Un espace d’écriture plus détaillé sera consacré à la transposition et à la traduction de la mobilité polyvalente dans l’espace urbain. Nous optons pour la notion de « parcours urbain » qui sera également reprise dans le cadre méthodologique afin de favoriser une démarche informant davantage sur les organisations sociales des groupes et de l’individu. Todorov (1989 :124) propose de parler plutôt d’un universalisme de « parcours » en se méfiant du terme cosmopolitisme. Le discours officiel désigne trop souvent le résident étranger par des marques « d’arrivée ». La voie que cet auteur propose pour aller vers l'universel implique que l'on s'immerge profondément dans le particulier.
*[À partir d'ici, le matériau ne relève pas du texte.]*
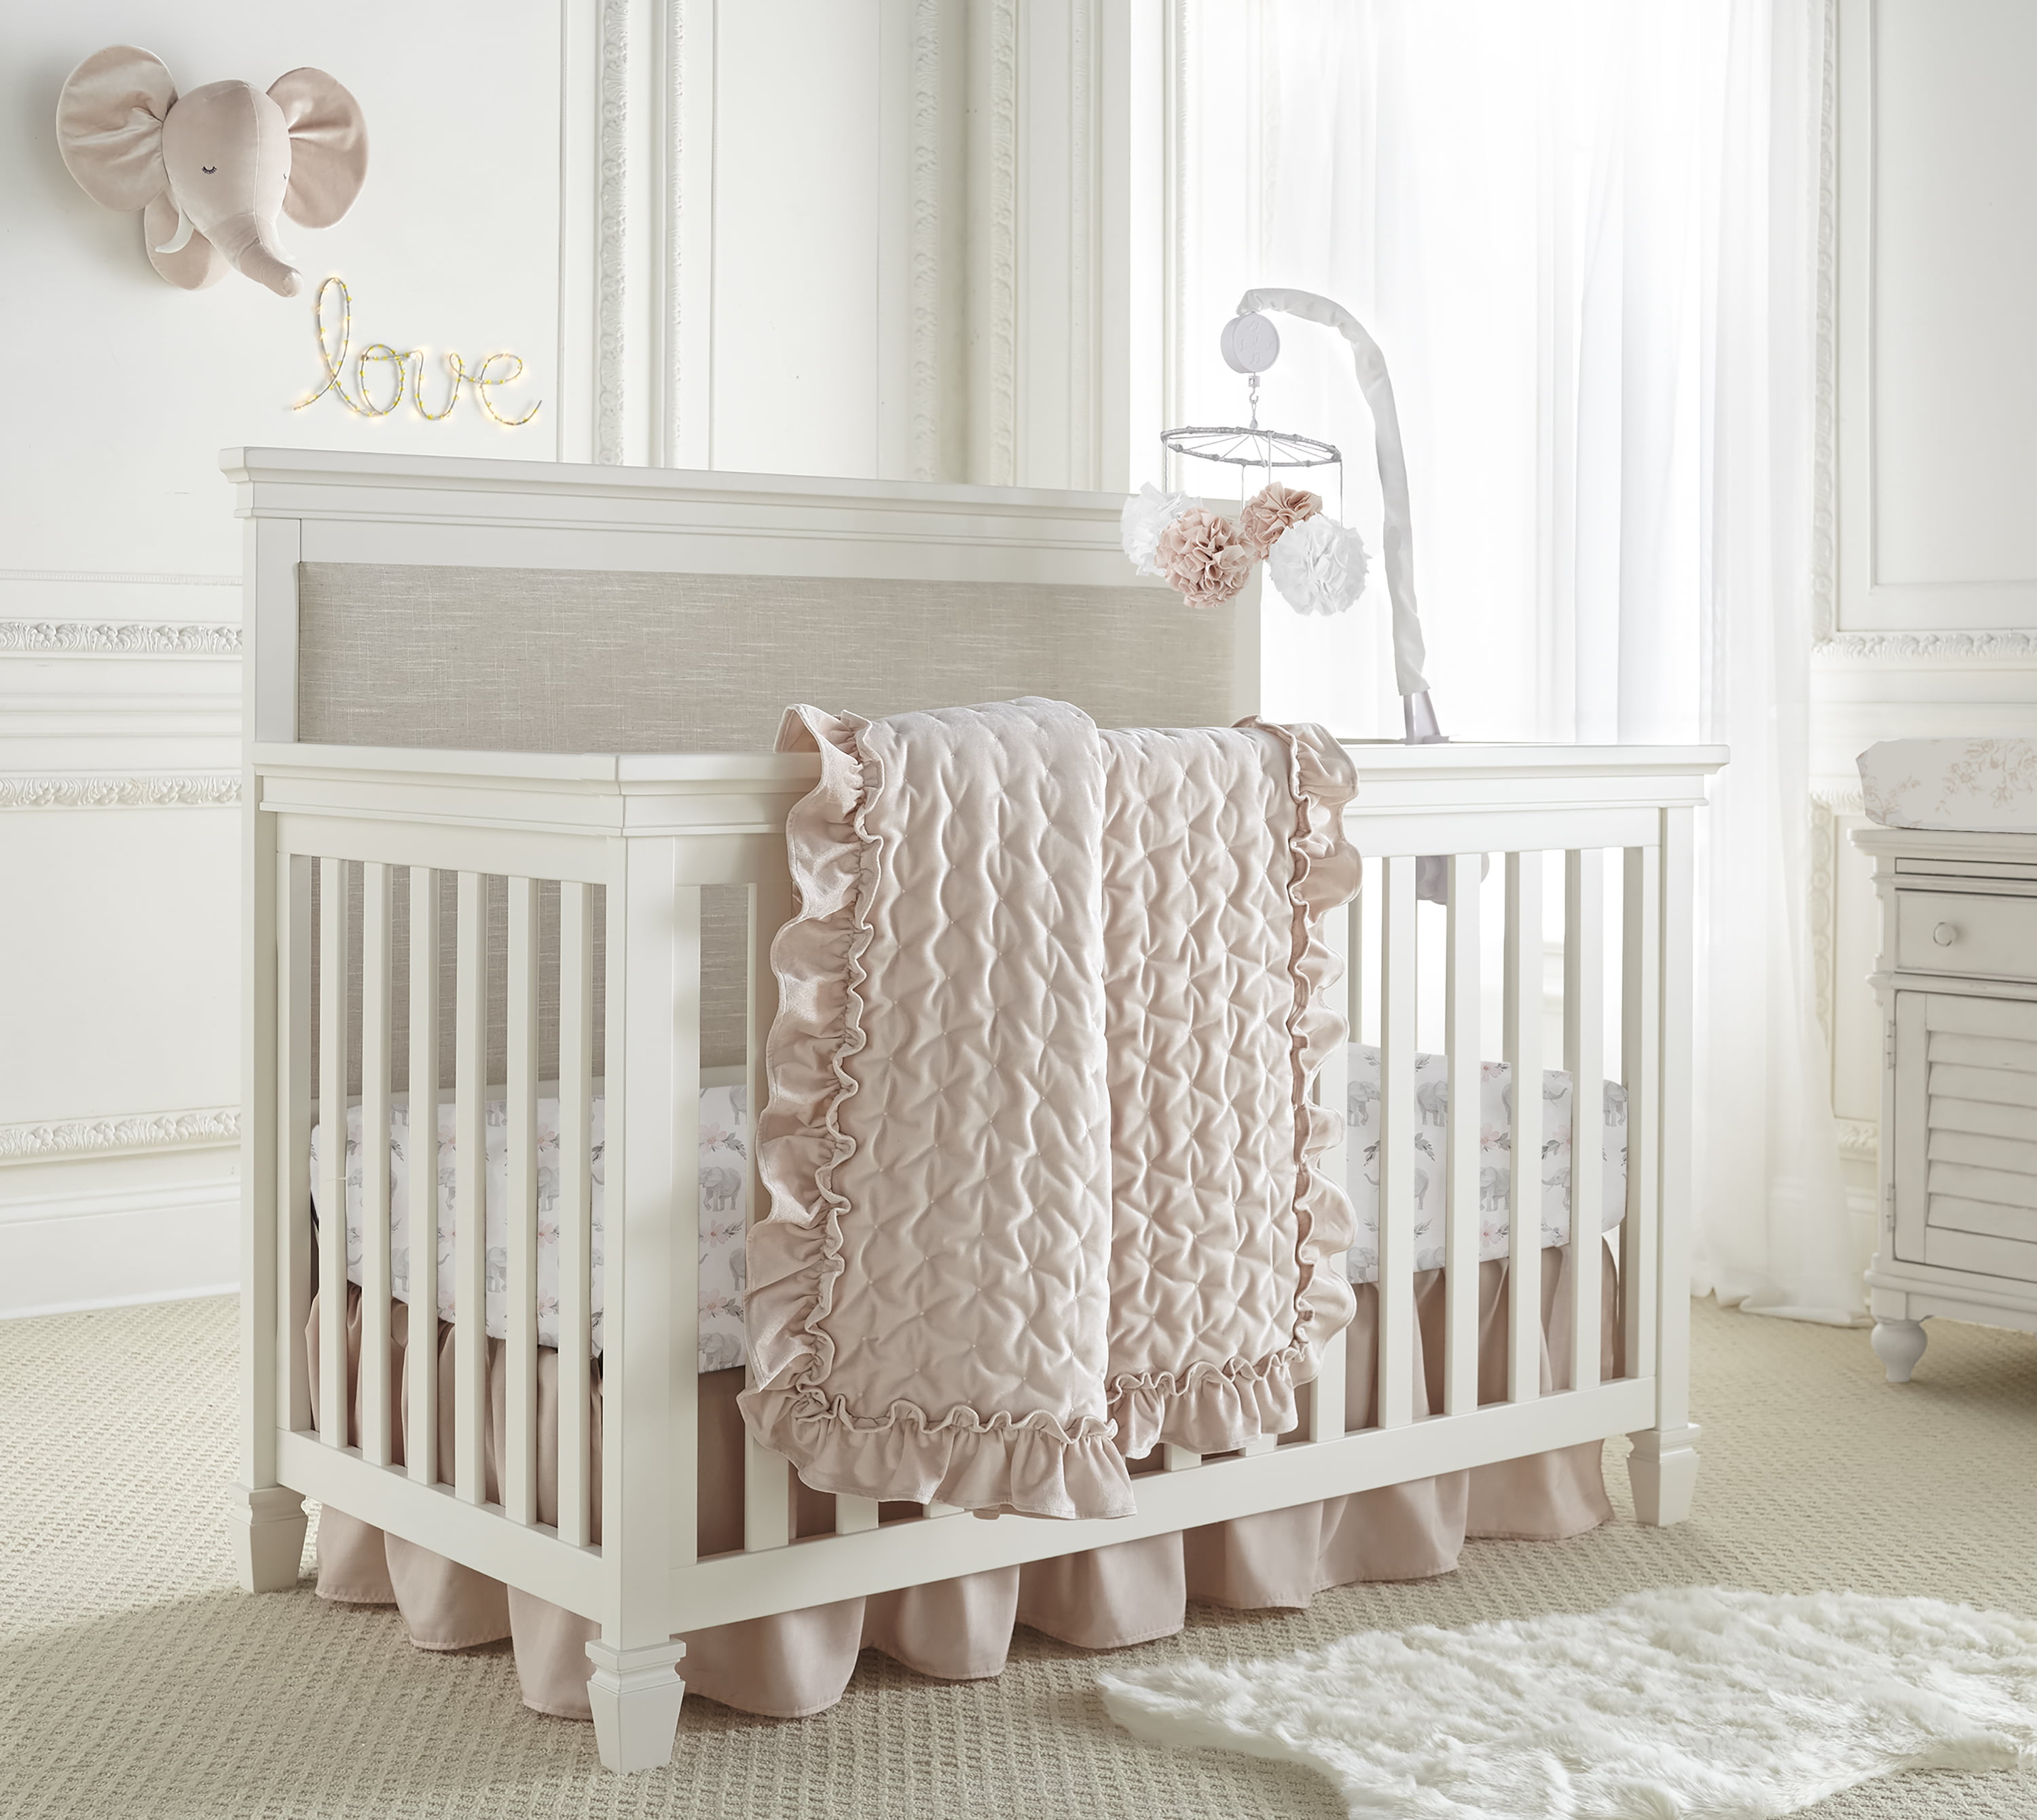 Baby Shop: Baby Products, Furniture, & Bedding

Donc, nous nous inscrivons plutôt dans le paradigme du parcours que dans le paradigme d’arrivée en privilégiant le terme acteur pluriel plutôt que le terme migrant. Ce paradigme risque de faire évoluer également le terme résident étranger.

1.7.2 « Mise en mots » et « mise en images » de l’espace urbain

Les contradictions et les paradoxes que connaît le domaine de la migration s’ajoutent au renforcement d’un discours sur la ville augmentant la peur de l’étranger. Les images données dans le contexte à titre illustratif montrent que certaines campagnes politiques n’aident pas à améliorer l’image de cet acteur urbain. Au contraire, on le voit représenté métaphoriquement sur les murs de la ville par un mouton noir, par des gants de voleurs de passeports, par une botte noire écrasant le territoire rouge à croix blanche. Ces traces d’un discours politique « mis en mots et en images » développent un rapport à la ville suscitant auprès de la population la peur de celui qui vient d’ailleurs et qui nuit à la sécurité de la ville, la rend dangereuse. Ceci augmente la stigmatisation et la catégorisation de certains quartiers « occupés par l’étranger ». Plusieurs empreintes de cet imaginaire collectif marquant le discours sont visibles à différentes échelles de l’espace urbain (politique, public, privé, virtuel).

Ces discours et ces images ont été évoqués dans la définition de la problématique. Pour aller plus loin, nous souhaitons sortir d’une dynamique dichotomique et entrer davantage dans ce qu’Edgar Morin (1991) appelle, le paradigme de la complexité. Nous allons donc tenter de constituer un cadre théorique et méthodologique en partant du parcours individuel et de joindre, à l’autre bout de chaîne, des logiques des acteurs collectifs tout en identifiant les fonctions que prennent différents discours et pratiques langagières adoptées lors des interactions effectuées sur ce parcours et entre différents acteurs de la ville. Dès lors, nous nous intéressons à des questions de visibilité et de mise en mots des espaces institués ou des espaces inventés.